Я знал, что история повторится. Мне оставалось лишь молчать с сомнением на лице. Когда план провалится, я стану человеком с хорошим инстинктом, который с самого начала сомневался в этой идее, и – не сразу, конечно, но в конце концов – я займу место Тэда, а его уволят. Такой исход никто не гарантировал, но терять мне было нечего, а потому я лежал, придумывая лучший способ ненавязчиво донести свои сомнения до начальства.
Однако я занимался кое-чем еще – и прекрасно это знал. В глухой ночной час царила полная тишина, как снаружи, так и внутри, и я знал, что поджидаю призрака и боюсь раскурить новую сигарету.
А потом из коридора появился призрак: он шел, опустив голову на грудь, все в том же драном халате. Он пересек комнату и встал у окна, глядя на улицу. Минут двадцать или около того он занимался тем же, чем и прошлой ночью. То есть не совсем тем же, он не повторял каждое движение, как в кино, которое смотришь во второй раз. Я чувствовал, что для него это другая ночь, что он снова не спит, стоит у окна и обдумывает прежнюю проблему, в чем бы она ни заключалась.

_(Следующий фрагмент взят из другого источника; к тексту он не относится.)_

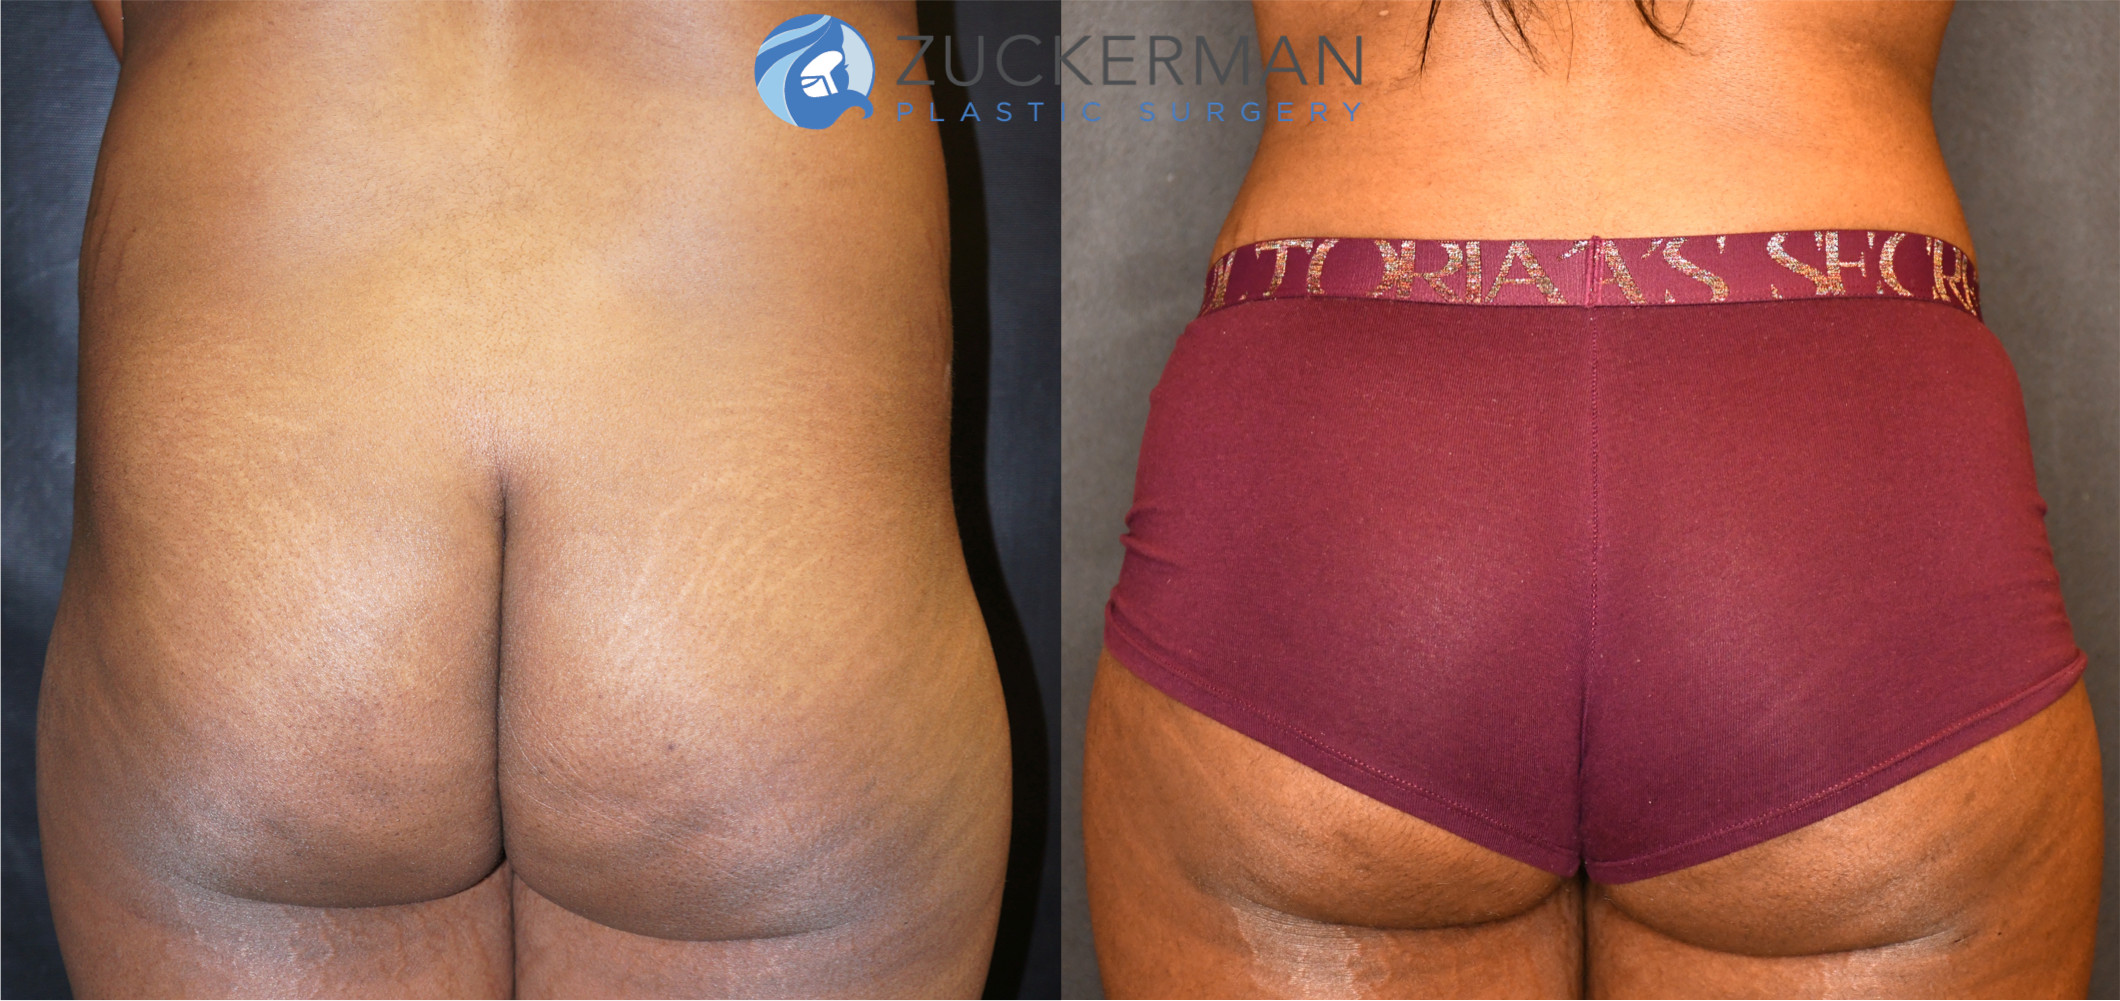 brazilian butt lift, buttock augmentation, bbl, before and after, joshua zuckerman, 12, posterior view

Потом он ушел, как и прежде, обогнув невидимый предмет, которого здесь больше не было, и я знал, что он шагает в другом времени.
Нужно было что-то сделать. Я должен был доказать себе, что этот призрак не имеет со мной ничего общего, а потому я направился к телефону в коридоре и трясущимися руками отыскал Гринера в телефонном справочнике. Гринеров имелось несколько, но, как я и ожидал, ни одного Харриса Л. Испытывая облегчение – и чувствуя себя немного глупо, – я заглянул в бруклинскую секцию – и увидел его. «Харрис Л. Гринер», равнодушными черными буквами, с телефонным номером и адресом, и тут я начал паниковать. Очевидно, Гринер был всего лишь прежним жильцом этой квартиры, который теперь обосновался в Бруклине и не имел отношения к призраку. А если призрак не был Гринером… я запретил себе думать об этом сейчас и лег в постель, зная, куда отправлюсь утром.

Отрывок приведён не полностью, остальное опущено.